Big Lots' fiscal Q2 earnings slip 8% to US$35.7M as revenue grew 3% to US$1.17B, hurt by 1.5% sales decline at stores open at least two years, charge related to new Canadian stores

COLUMBUS, Ohio , August 25, 2011 () – Big Lots Inc. said Thursday that its fiscal second-quarter net income slipped 8 percent, hurt by a decline in a key revenue metric and a charge related to its new Canadian stores.

Still the discount store chain exceeded its own expectations for the quarter, and those of analysts. It raised the low end of its full-year earnings guidance, citing its quarterly performance and recent buybacks.

Big Lots earned $35.7 million, or 50 cents per share, compared with $38.9 million, or 48 cents per share, a year ago. The per share discrepancy figures reflect fewer shares outstanding in the current quarter.
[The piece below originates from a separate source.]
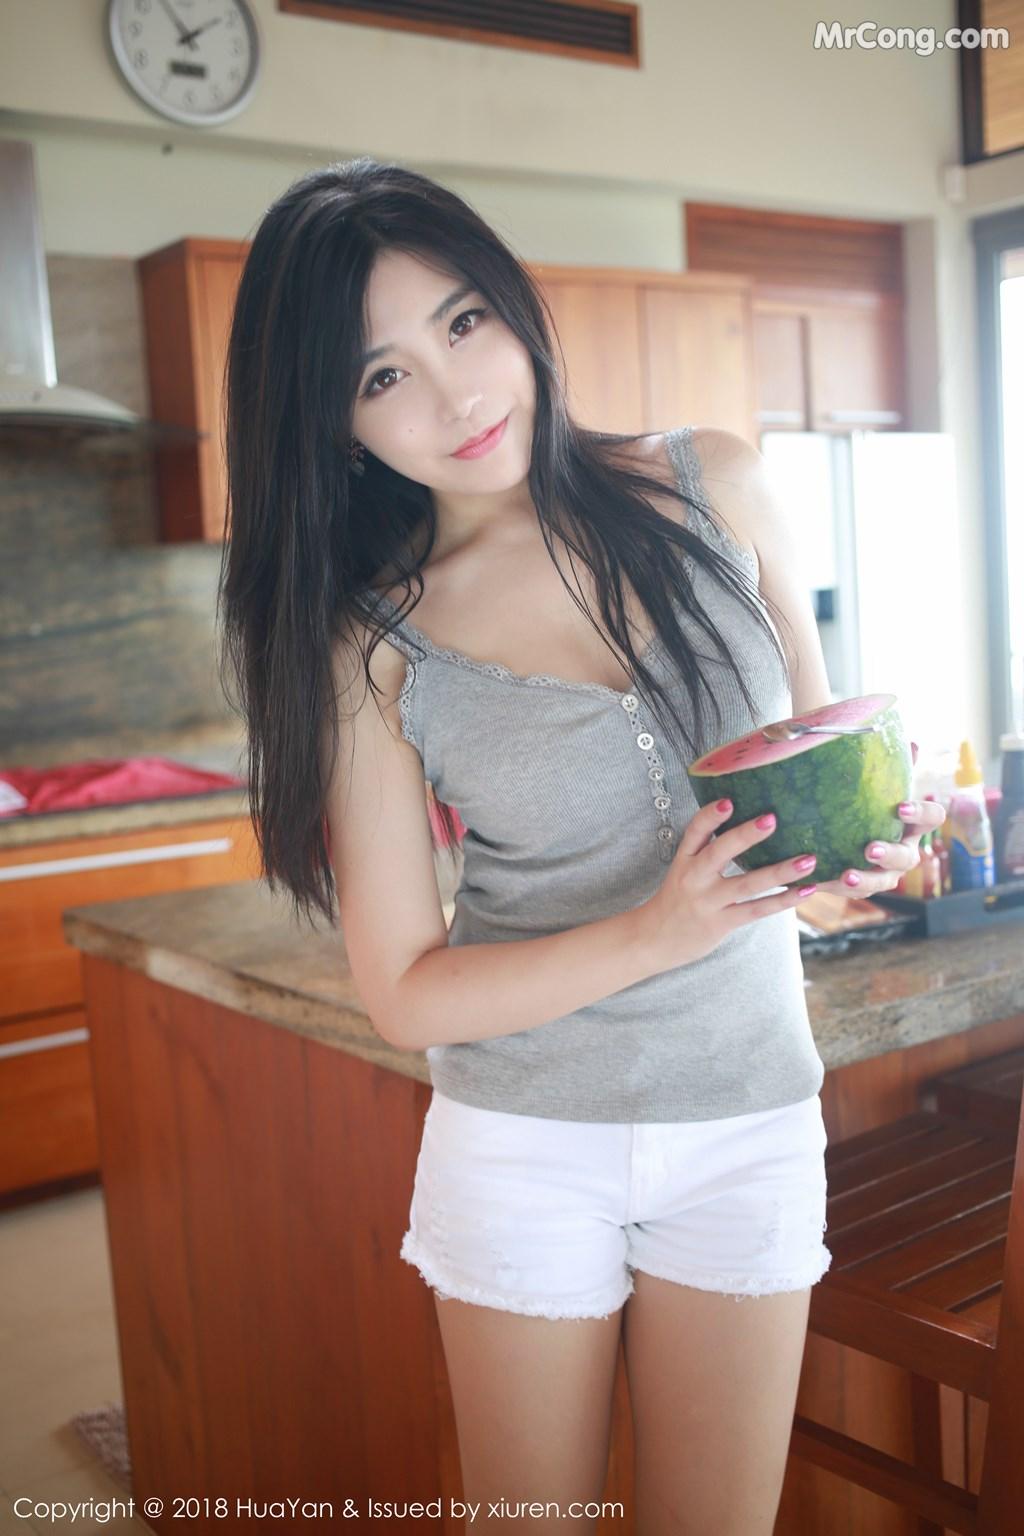 Image HuaYan-Vol.054-Sabrina-Xu-Nuo-MrCong.com-005 in post HuaYan Vol.054: Người mẫu Sabrina (许诺) (31 ảnh)

Removing 2 cents per share tied to its new Canadian retail operations, income from continuing operations was 52 cents per share. Big Lots obtained the Canadian stores as part of its acquisition of Liquidation World Inc. in July.
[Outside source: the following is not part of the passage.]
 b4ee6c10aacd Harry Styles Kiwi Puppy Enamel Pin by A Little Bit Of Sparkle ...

Analysts expected earnings of 44 cents per share, according to a FactSet survey.

Revenue for the period ended July 30 increased 3 percent to $1.17 billion from $1.14 billion.

Revenue at U.S. stores open at least two years fell 1.5 percent. This figure is a key indicator of a retailer's health because it excludes stores recently opened or closed.

Big Lots said it now expects full-year earnings to be in a range of $2.80 to $2.90 per share. Its previous forecast was for earnings between $2.75 and $2.90 per share.

Analysts predict earnings of $2.89 per share for the year.